Diet & Endurance: What’s the Connection?

by | Updated: November 9th, 2017 | Read time: 3 minutes

What you put in your body has a tremendous impact on what you can expect to get out of it. Athletes have known this for centuries. Yet, you still see the rise – and eventual fall – of health trends. One that never seems to escape the circuit is the notion of eating a high-carbohydrate diet. Ask any endurance athlete what they should eat before a competition, and the overwhelming majority will tell you carbs, carbs and more carbs – you need carbs for exercise.

Curious About an Endurance Athlete Diet? This Runner in Blue Top is Eating a Banana After Her Run |

You can’t blame them. Carbohydrates do have the potential to provide long-lasting energy.

According to a Colorado State University fact sheet, “For events that require heavy work for more than 90 minutes, a high-carbohydrate diet eaten for two to three days before the event allows glycogen storage spaces to be filled. Long-distance runners, cyclists, cross-country skiers, canoe racers, swimmers and soccer players report benefits from a pre-competition diet where 70 percent of the calories comes from carbohydrates.” This, however, raises two questions:

First question: Do you really need 70 percent of your diet coming from carbohydrates?

The actual percentage of calories that comes from carbs can vary greatly from athlete to athlete.

Some athletes perform at the top of their game with a ketogenic approach. The keto diet, as you may have heard it called, involves very few calories from carbs; the primary source of fuel is fat. Other athletes opt for an authentic Paleo, or ancestral, approach, which highlights in-season, local produce, mindfully sourced proteins and a variety of natural fats. According to Loren Cordain, author of The Paleo Diet: Lose Weight and Get Healthy by Eating the Food You Were Designed to Eat, the macronutrient composition for a true Paleo diet would be closer to 19-35% protein, 28-47% fat and 22-40% carbs.

And what about vegan athletes? They’ve found a completely different approach to diet and endurance that suits their bodies, their sport and their goals.

Second question: What are you eating to reach those carb goals?

A carb is not a carb is not a carb. French fries are a great source of carbohydrates, but they’re also high in saturated fat. Not only is fat slow to digest (meaning it may still be sitting in your stomach come race time), too much saturated fat, in particular, is harmful to heart health. You may have the best laid-out training schedule, more than eight hours of sleep and a dialed-in visualization practice. But if you’re not supplying your body premium sports nutrition, it won’t perform at its ultimate potential.

So what is the best triathlete diet?

Here are three easy steps every type of endurance athlete can do to not only nail their nutrition but reach their performance goals:

Focus on whole food: While bars, drink mixes and gels are convenient, they’re refined, processed and often do not provide the nutrient density you can get from whole foods. Strategic carbs eaten at the right time for performance can suit all dietary approaches – vegan, Paleo and beyond. For instance, a baked yam eaten with dinner the night before a long training ride is a nutritious choice. Or, try a ripe banana and raw almond butter as part of your post-brick replenishment. These foods are usually more easily digested (and enjoyed) than premade powders and mixes.
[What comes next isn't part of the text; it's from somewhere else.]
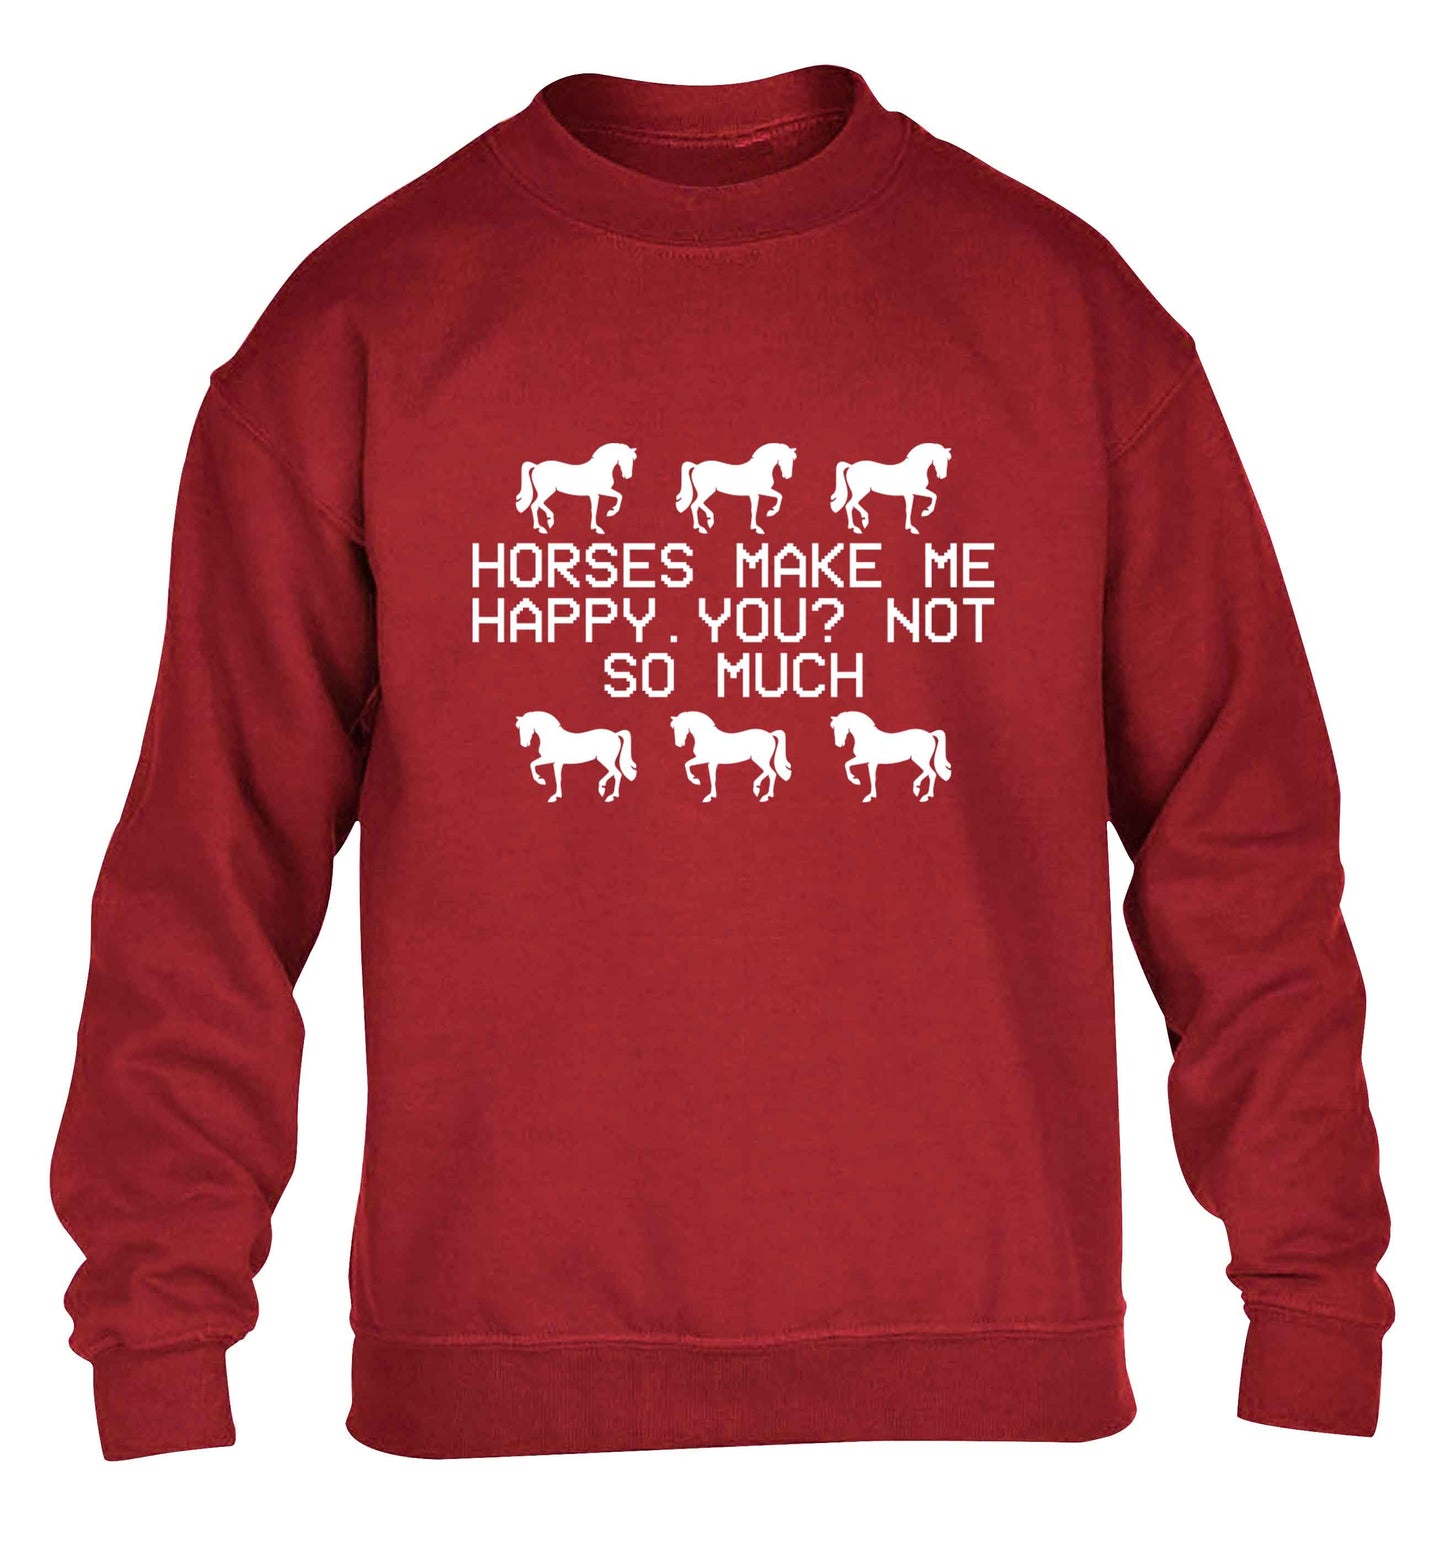 Horses make me happy, you not so much children's grey sweater 12-13 Years

Reduce sugar intake: Ignore messages that encourage eating anything and everything, as long as you eat enough calories. In the short term, this eating routine results in gastrointestinal distress and impaired performance. In the long term, you create an increased risk for health issues, such as type 2 diabetes. A recent study showed that a common problem in subjects, who typically averaged at least six hours of training a week, was high blood sugar throughout the day. This outcome pointed to an elevated risk for type 2 diabetes in these seemingly super-fit athletes (4). 
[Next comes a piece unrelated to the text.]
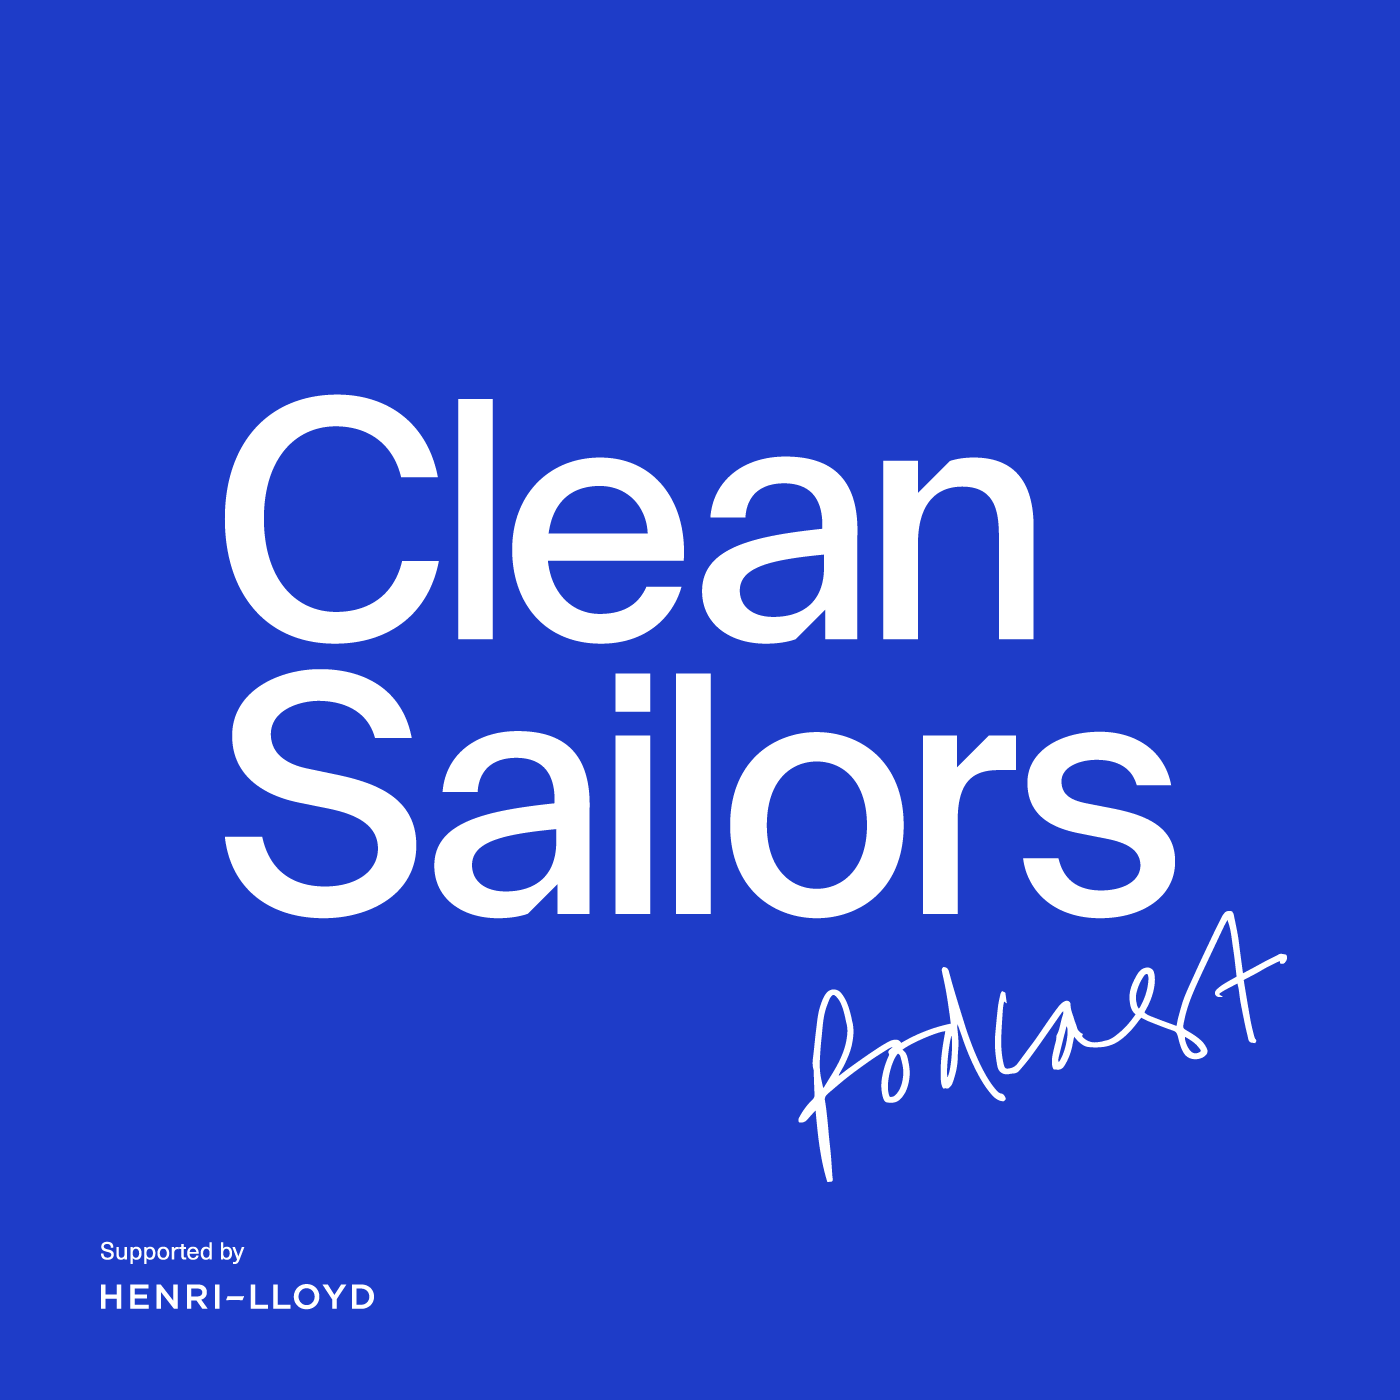 Welcome to our Clean Sailors podcast!

Nourish your gut. It’s not just about what not to eat; it’s about what to be sure to include. Athletes create inflammation by the sheer nature of the training, even if you’re diligent about rest and recovery. If you don’t also address inflammatory foods, you could be setting up yourself for inadequate rest, recovery and subsequent performance. Bone broth, fermented foods such as kim chi and a high-quality probiotic are must-dos on a daily basis. And, of course, don’t forget your fresh, local greens and healthy fats.